Mesenchymal stem cell isolation. Bone marrow mesenchymal stem cells (MSCs) were isolated from femurs and tibia by flushing them with media and expanding them in Dulbecco’s modified Eagle’s medium (DMEM) supplemented with 10% calf bovine serum, 2 mM sodium pyruvate, 100 IU/mL penicillin, and 100 μg/mL streptomycin. Cells were maintained in subconfluent culture as previously described (Chamorro-García et al. 2012).
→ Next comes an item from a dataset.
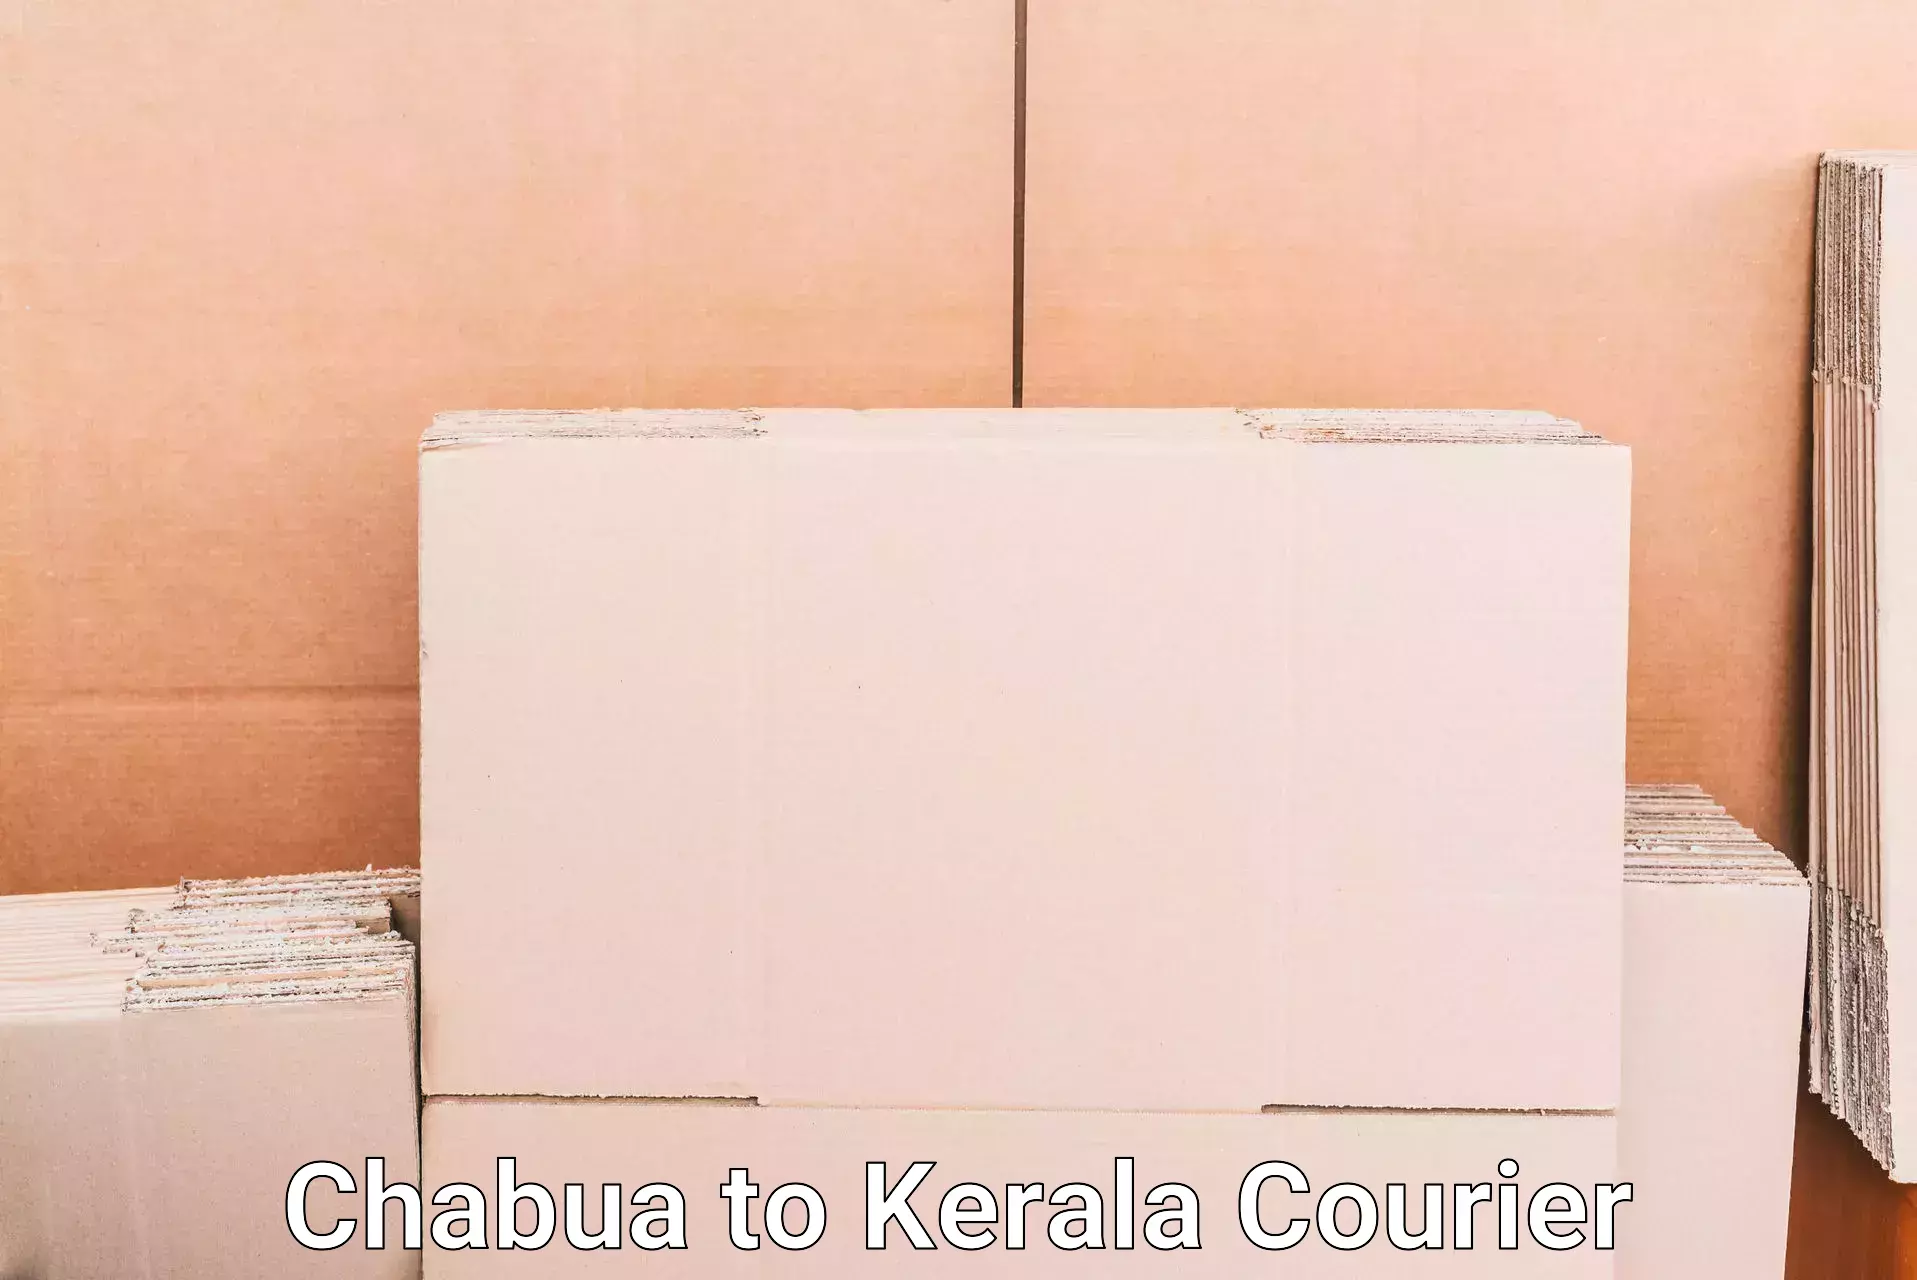 Luggage dispatch service Chabua to Thiruvananthapuram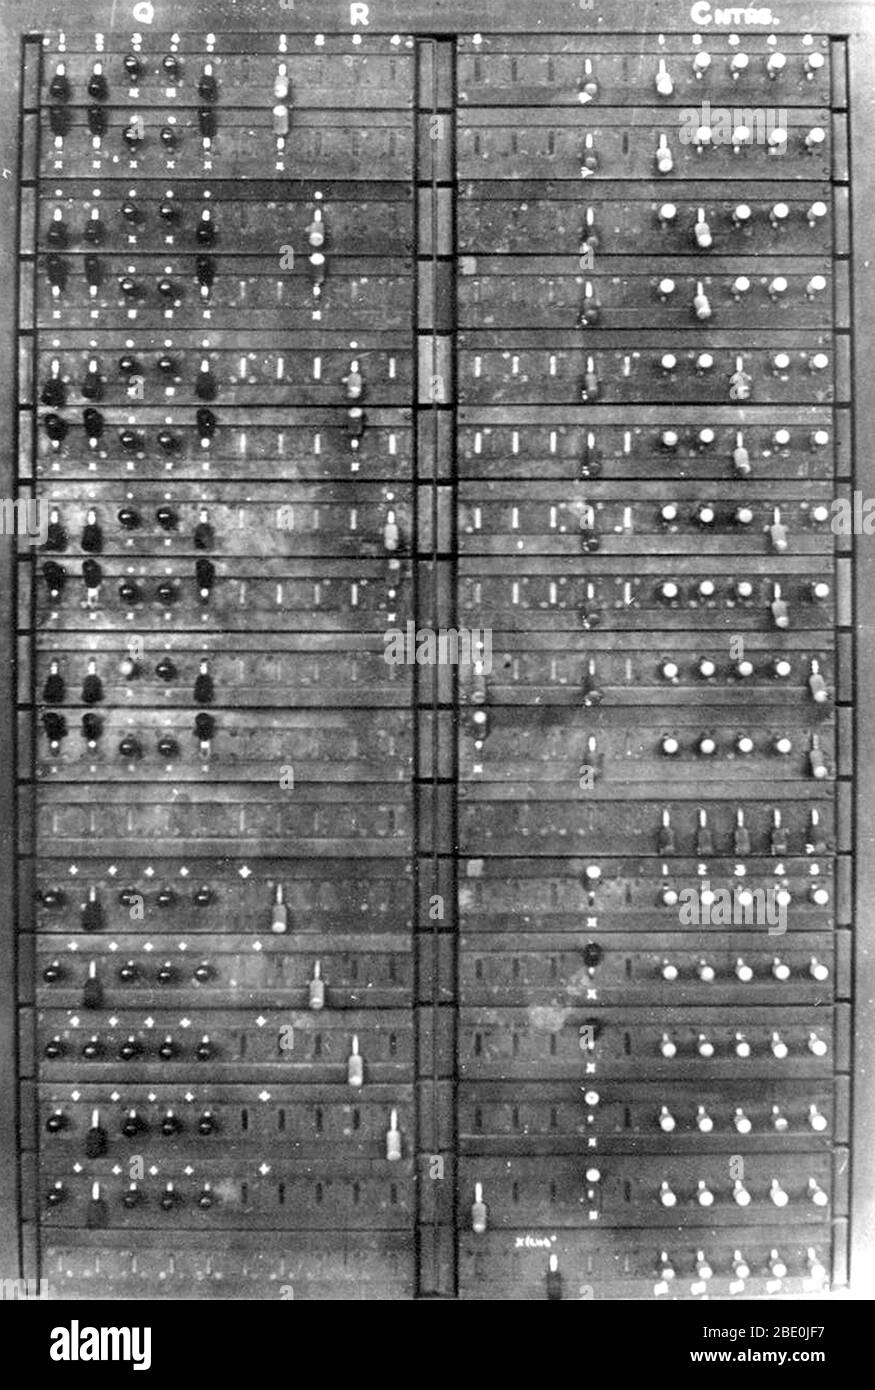 Photographie en temps de guerre d'une partie d'un ordinateur Colossus montrant le panneau Q, 1945. Colossus était un ensemble d'ordinateurs développés par les codébriseurs britanniques dans les années 1943-1945 pour aider à la cryptanalyse du chiffrement de Lorenz utilisé par l'armée allemande. Colossus a utilisé des valves thermioniques (tubes à vide) pour effectuer des opérations booléennes et de comptage. Colossus est donc considéré comme le premier ordinateur numérique programmable, électronique et numérique au monde, bien qu'il ait été programmé par des interrupteurs et des prises et non par un programme enregistré. Colossus a été conçu par Tommy Flowers, ingénieur de recherche. Alan Turing utilise la probabilit Banque D'Images

Quantitative real-time reverse transcriptase polymerase chain reaction (QPCR). Total RNA was extracted from MSCs and livers using TRIzol reagent (GIBCO-BRL, Gaithersburg, MD). Complementary DNA was generated from 2 μg DNase-treated RNA using Transcriptor Reverse Transcriptase (Roche, Nutley, NJ) following the manufacturer-recommended protocol. Real-time RT-PCR was performed in the DNA Engine Opticon Thermal Cycler (MJ Research/Bio-Rad Laboratories, Hercules, CA). QPCR was performed using FastStart SYBR Green Master Mix (Roche) and 100 nM of primers [see Supplemental Material, Table S3 (http://dx.doi.org/10.1289/ehp.1205701)]. Primer3 software (Rozen and Skaletsky 2000) was used to select primers, and we verified that each primer produces a single peak by gel electrophoresis and melting curve analysis. Target genes examined were PPARγ2, PPARα, fatty acid binding protein 4 (Fabp4), zinc finger protein 423 (Zfp423), lipoprotein lipase (LPL), preadipocyte factor-1 (Pref-1), alkaline phosphatase (ALP), runt-related protein 2 (Runx2), steroid receptor element binding protein 1c (SREBP1c), glycerol kinase (GyK), fatty acid synthase (FASN), acyl-CoA oxidase (ACOX), fat specific protein 27 (Fsp27/CideC), fatty acid transporter protein (FATP). We quantified expression levels of each target gene relative to β-actin (housekeeping gene) in the same sample following the 2–ΔΔCT method (Livak and Schmittgen 2001).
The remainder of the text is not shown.